Lecture 33 - Structured Tools Beat Computer Use: Interface Hierarchy for Agents¶

Course: Agentic AI & GenAI | Previous: Lecture 32 | Next: Lecture 34

Computer-use agents are visually impressive.

They can look at screenshots, click buttons, type into fields, and operate software like a human.

That does not mean vision is the right primary interface for agents.

The Reflex benchmark gives a useful data point:

same app
same task
same model family
vision path: 53 ± 13 steps, ~551k input tokens, ~17 minutes
API path:    8 calls,       ~12k input tokens, ~20 seconds

The conclusion is not "never use vision."

The conclusion is:

Vision-based computer use is a fallback interface.
Structured tools are the primary interface when you control the system.

For OpenClaw-style architecture, this is not a small optimization.

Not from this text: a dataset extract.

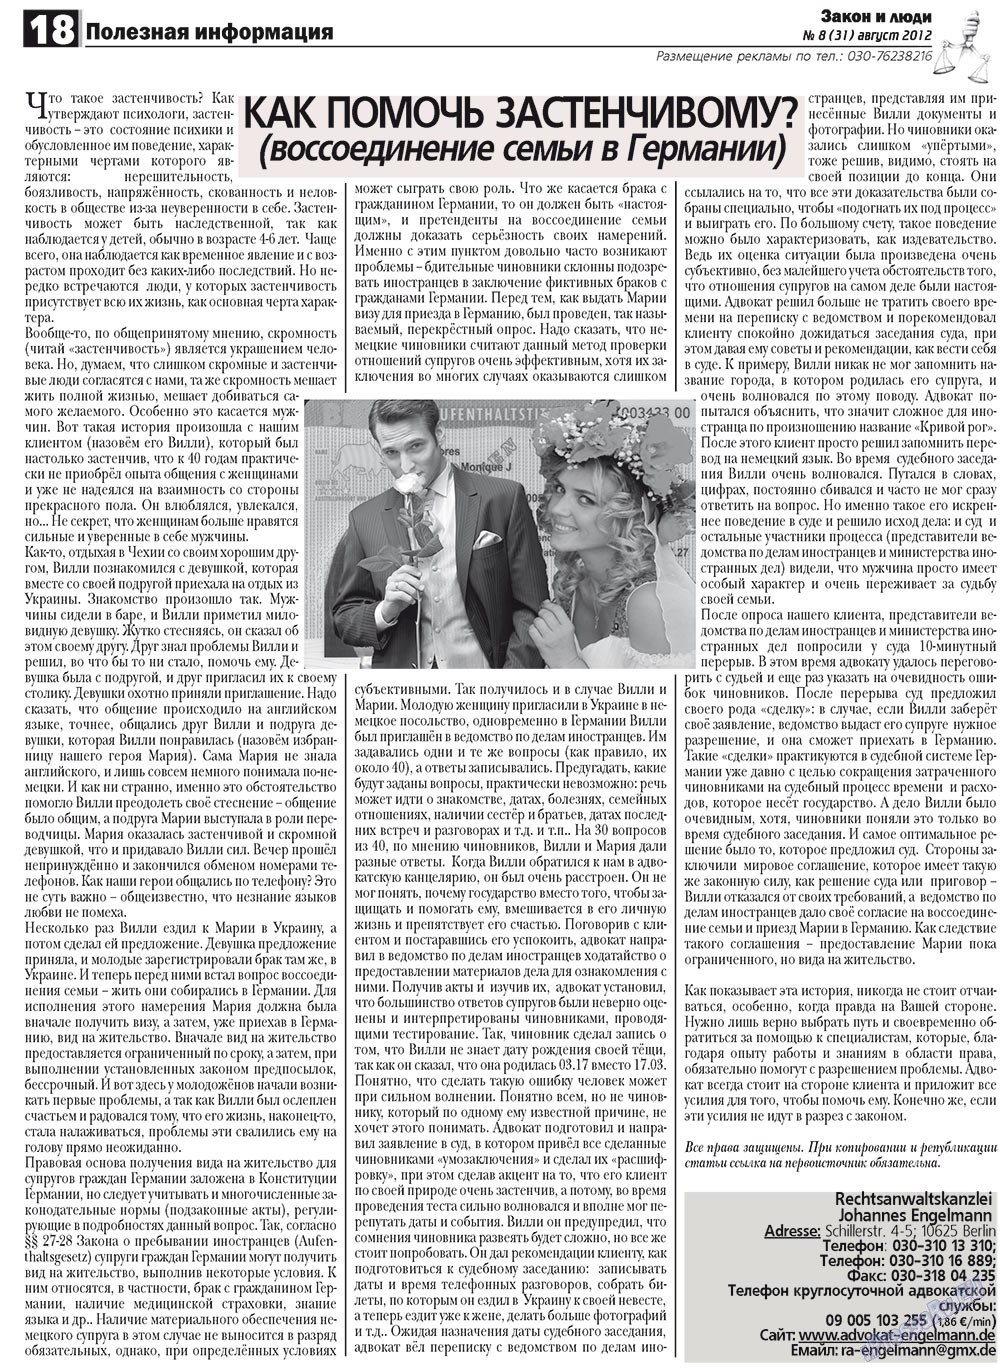 Закон и люди, газета. 2012 №8 стр.18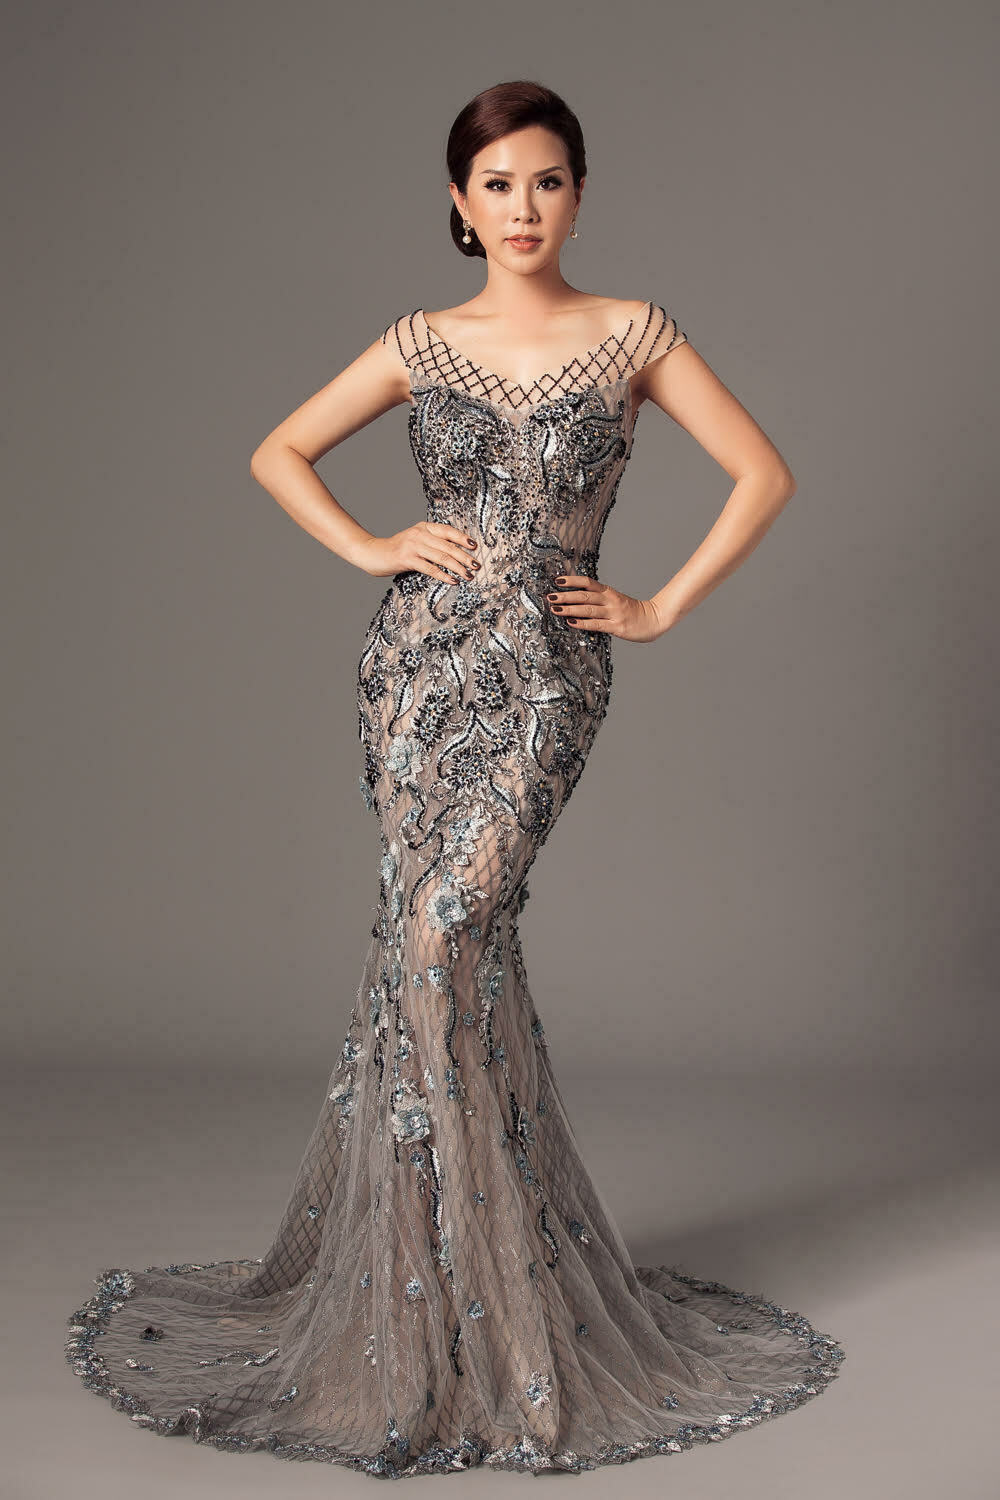 Hoa hậu Thu Hoài khoe đường cong gợi cảm với váy đuôi cá

It is a tool-design principle.

Learning objectives¶

By the end of this lecture, you should be able to:

Explain why screenshot-driven agents are expensive and nondeterministic.
Compare structured APIs, CLI/direct execution, DOM/accessibility, and vision interfaces.
Explain the Reflex benchmark and its limitations.
Design an interface hierarchy for agent tools.
Identify when vision is appropriate and when it is wasteful.
Connect structured tools to verification, security, and auditability.
Apply the principle to OpenClaw Gateway tools, node commands, exec, and App SDK surfaces.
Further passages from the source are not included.